The era of
immunotherapies was unleashed in 2010 with the Food and Drug Administration (FDA) approval of the first therapeutic
vaccine sipuleucel-T as a standard treatment for metastatic
prostate cancer. Next, the first immune-activating anticytotoxic lymphocyte antigen-4 (CTLA-4) antibody
ipilimumab exhibiting '
immune checkpoint blockade' was approved by FDA and European Medical Agency (EMA) for the treatment of patients with metastatic
melanoma. New generations of immune checkpoint blockading
antibodies targeting programmed cell death 1 (PD-1) and its
ligand (PD-L1) are now under intense investigation in metastatic
melanoma (MM) and
non-small-cell lung cancer (NSCLC), and impressive clinical results are anticipated. Despite these successes, only a fraction of patients become clinical responders to
therapy. Thus, to improve the selection of patients likely to respond, scrutinizing different immune parameters during treatment is essential.

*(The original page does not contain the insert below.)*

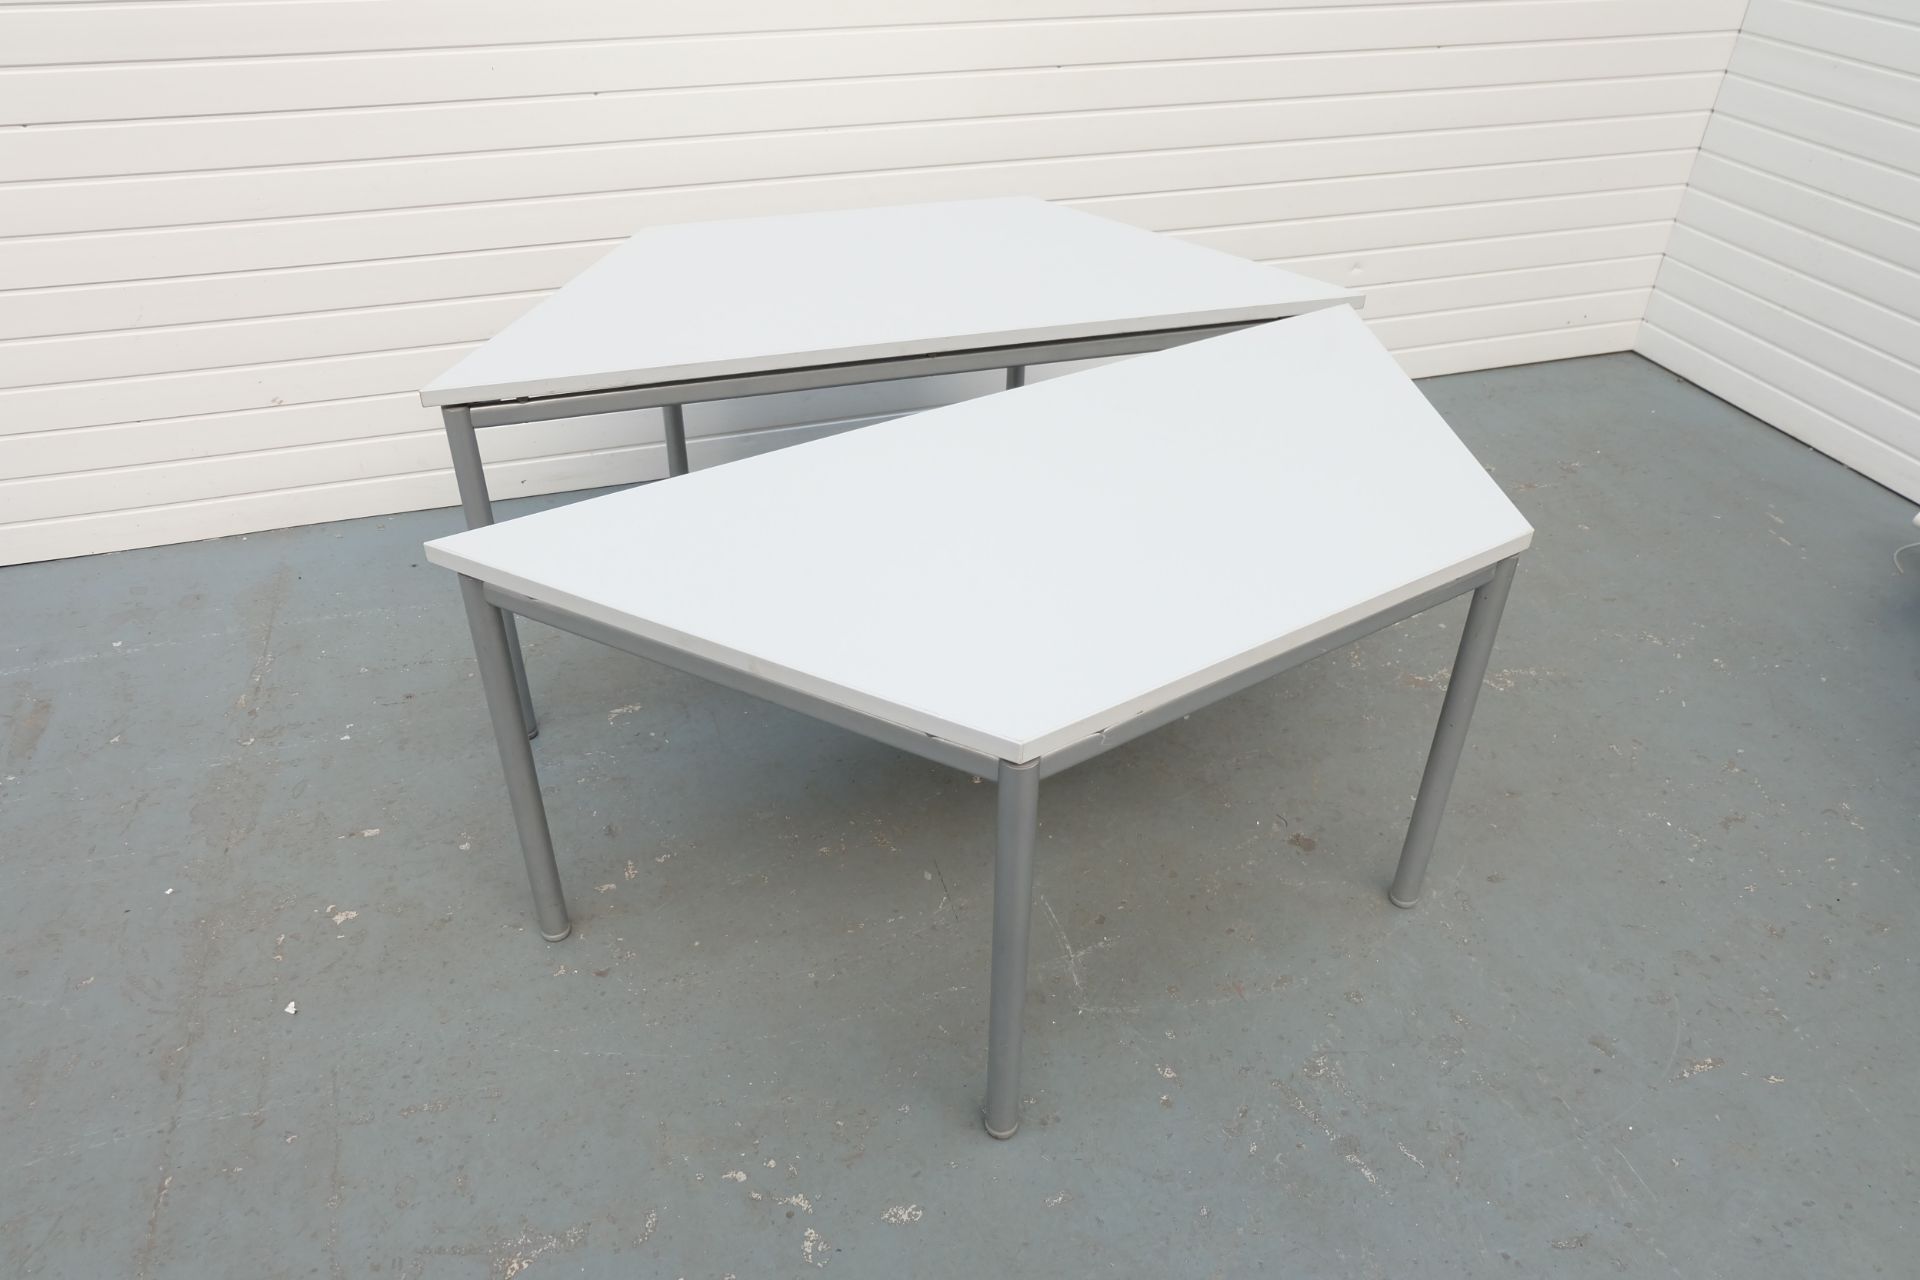 Two Part Hexagonal Table With Adjustable Feet. Size 1600mmx 690mm x 680mm High. - Image 3 of 3

In the summary of this PhD thesis, we investigated changes in immune parameters and their possible correlation with clinical efficacy in patients with MM during treatments with the standard chemo- and
immunotherapies,
temozolomide (TMZ) and
interferon-α2b/
interleukin-2 (IFN-α/IL-2)
immunotherapy. The overall aim was to assess changes in frequency and absolute counts of different immune cell subsets before and
after treatment and correlate to clinical benefit. Furthermore, the thesis covers a finalized, clinical phase 1 study in patients with NSCLC testing a
peptide vaccination with a HLA-A2-restricted
epitope derived from
indoleamine 2,3 dioxygenase (IDO). The overall aim in this trial was to evaluate safety and tolerability of IDO as an anticancer
vaccine target in patients with NSCLC and to assess whether immunity correlated to clinical response.